Member of the Constitutional Convention
- In office 4 July 2021 – 16 March 2022
- Constituency: 13th District

Adjunct Vice President of the Constitutional Convention
- In office 29 July 2021 – 5 September 2021
- Preceded by: Creation of the office
- Succeeded by: Tania Madriaga

Personal details
- Born: Rodrigo Ernesto Rojas Vade 10 October 1983 (age 42) Santiago, Chile
- Other political affiliations: The List of the People
- Occupation: Political activist
- Profession: Aeronautical prevention technician

= Pelao Vade =

Chilean political activist

Rodrigo Ernesto Rojas Vade (born 10 October 1983), widely known by his nickname Pelao Vade, is a Chilean former political activist who became one of the most recognizable faces of the 2019–2020 Chilean protests. In 2021, he was elected to the Chilean Constitutional Convention, the body tasked with drafting a new constitution for Chile. He later resigned in disgrace after it emerged that he had fabricated a cancer diagnosis—a lie that had underpinned both his public profile and his election campaign. He is openly gay.

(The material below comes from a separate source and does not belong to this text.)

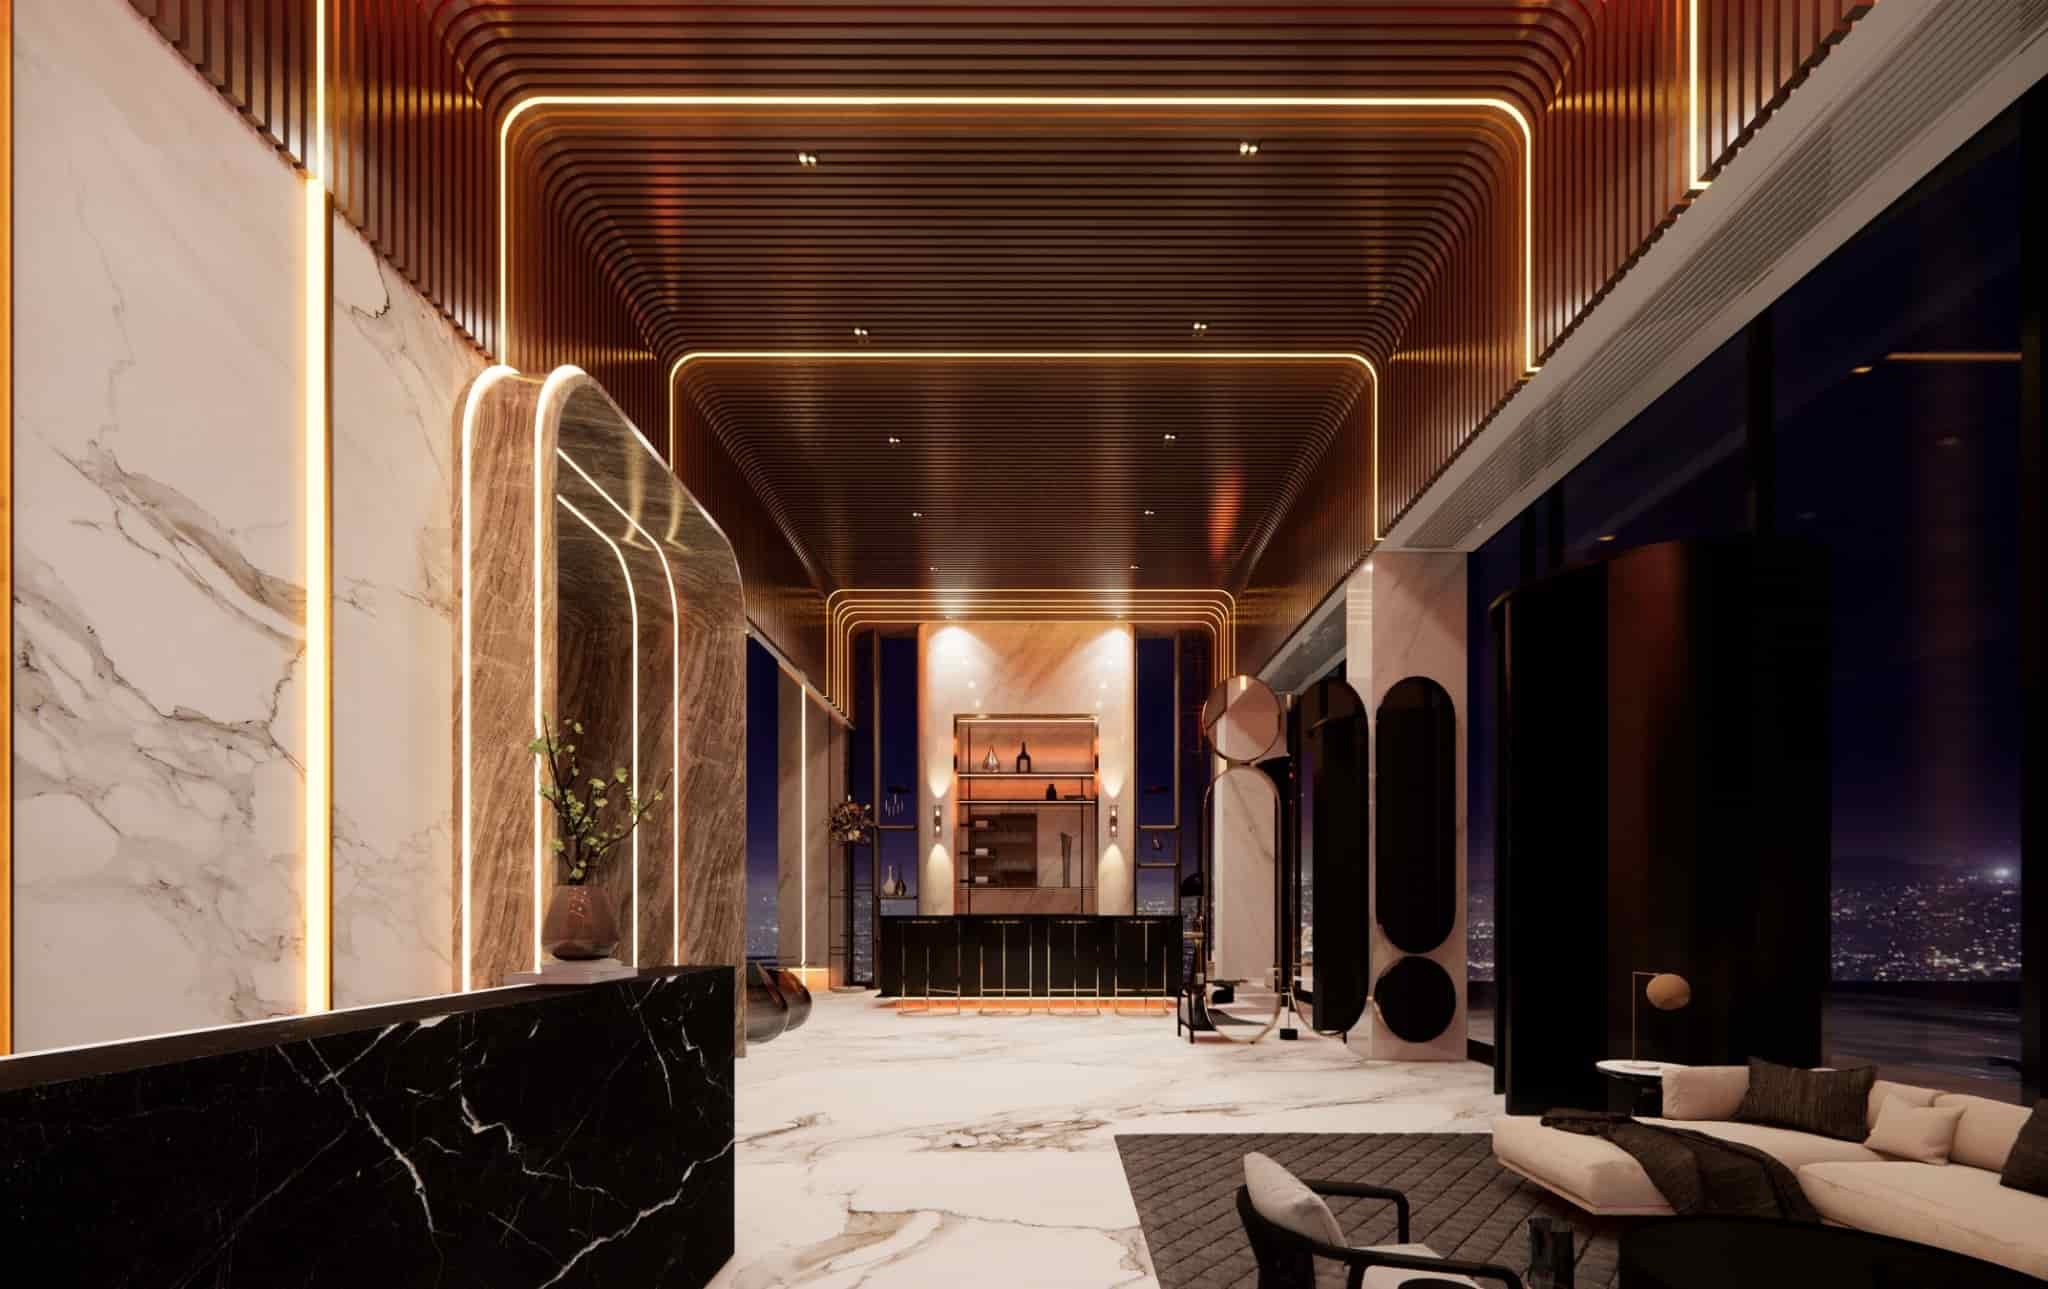 รับออกแบบภายในโรงแรม โดยบริษัทมืออาชีพจากฝรั่งเศส Instyle Deco Paris

During the protests, Rojas became a symbol of popular anger at Chile's private healthcare system, appearing shirtless on the front lines of street demonstrations with visible scars and medical catheters on his body, which he claimed were the result of leukaemia. The story proved to be a fabrication: in September 2021 the newspaper La Tercera revealed he had never had cancer, and he later admitted the underlying condition was syphilis. The scandal prompted his resignation from the Convention's executive board and, eventually, from the Convention itself. In February 2023, he was convicted of residual fraud against at least 30 victims who had donated money based on his false illness claims.

==Early life==
Rojas was born and raised in Puente Alto, a working-class municipality on the southern outskirts of Santiago. His father worked for the Compañía de Teléfonos de Chile (CTC) and his mother was a homemaker. He attended the Colegio Polivalente San Damián before enrolling to study theatre at the Universidad Mayor, though he dropped out due to his family's financial difficulties.

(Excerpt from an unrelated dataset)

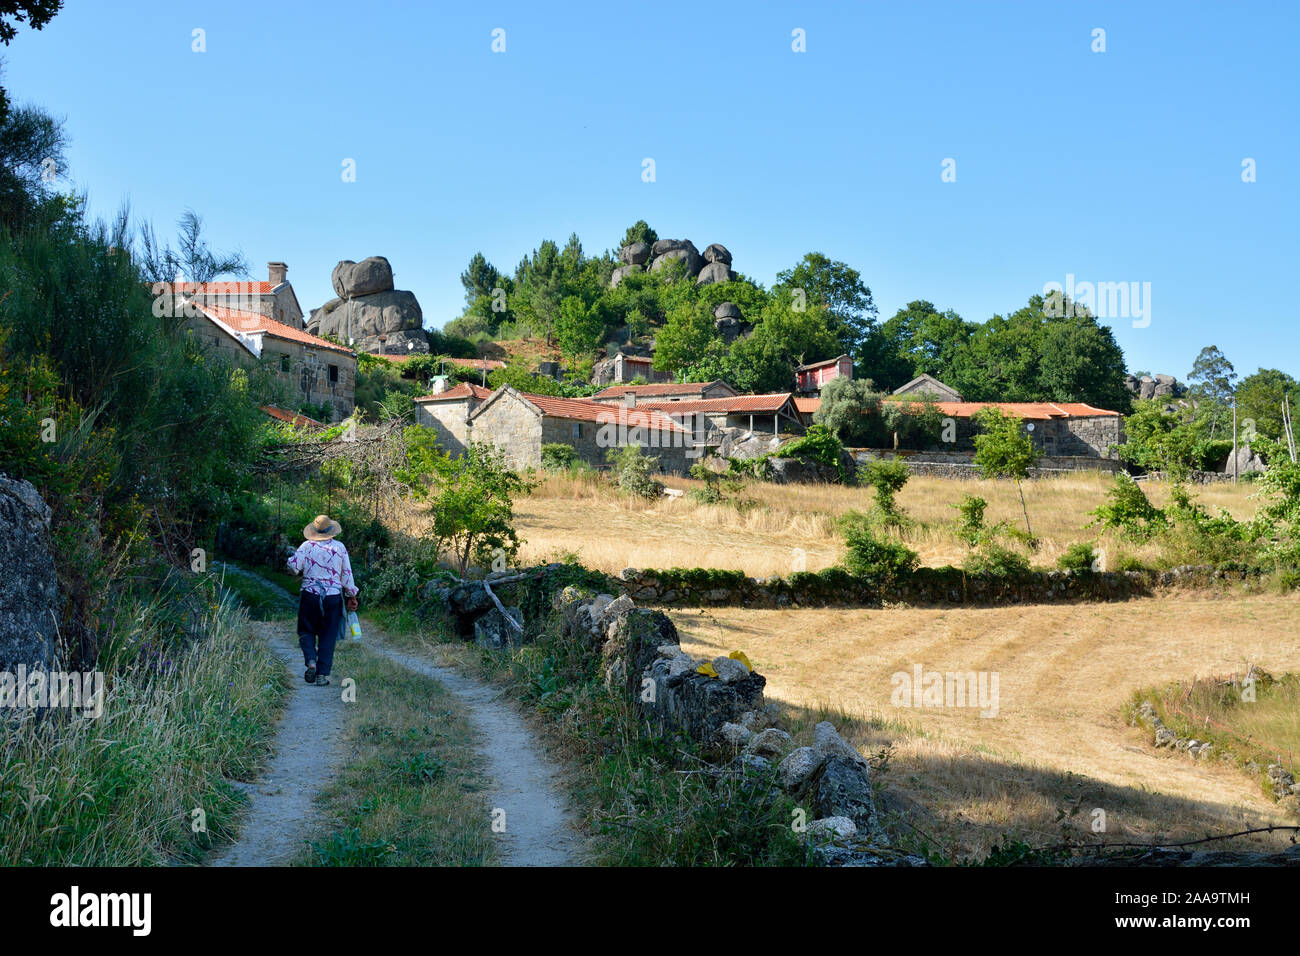 Le village rural de Sirvozelo. Le parc national de Peneda Gerês, Portugal Banque D'Images

He subsequently trained as an aeronautical prevention technician and was hired in 2009 by the Chilean airline LAN (now LATAM Airlines), where he worked as a flight operations officer. In 2017 he moved to the low-cost carrier JetSmart to work as a flight attendant.

==2019 protests and public profile==
When mass protests erupted across Chile in October 2019—sparked by a rise in Santiago's metro fares but quickly broadening into a sweeping rejection of inequality and the legacy of the Pinochet-era constitution—Rojas became one of the most visible figures on the front lines. He regularly appeared shirtless at Plaza Baquedano, the epicentre of the demonstrations in Santiago, displaying what appeared to be surgical scars and catheters across his torso. He claimed these were the consequence of a mixed lymphoblastic leukaemia he had been living with since 2012, and presented himself as living proof of the failures of Chile's profit-driven healthcare model.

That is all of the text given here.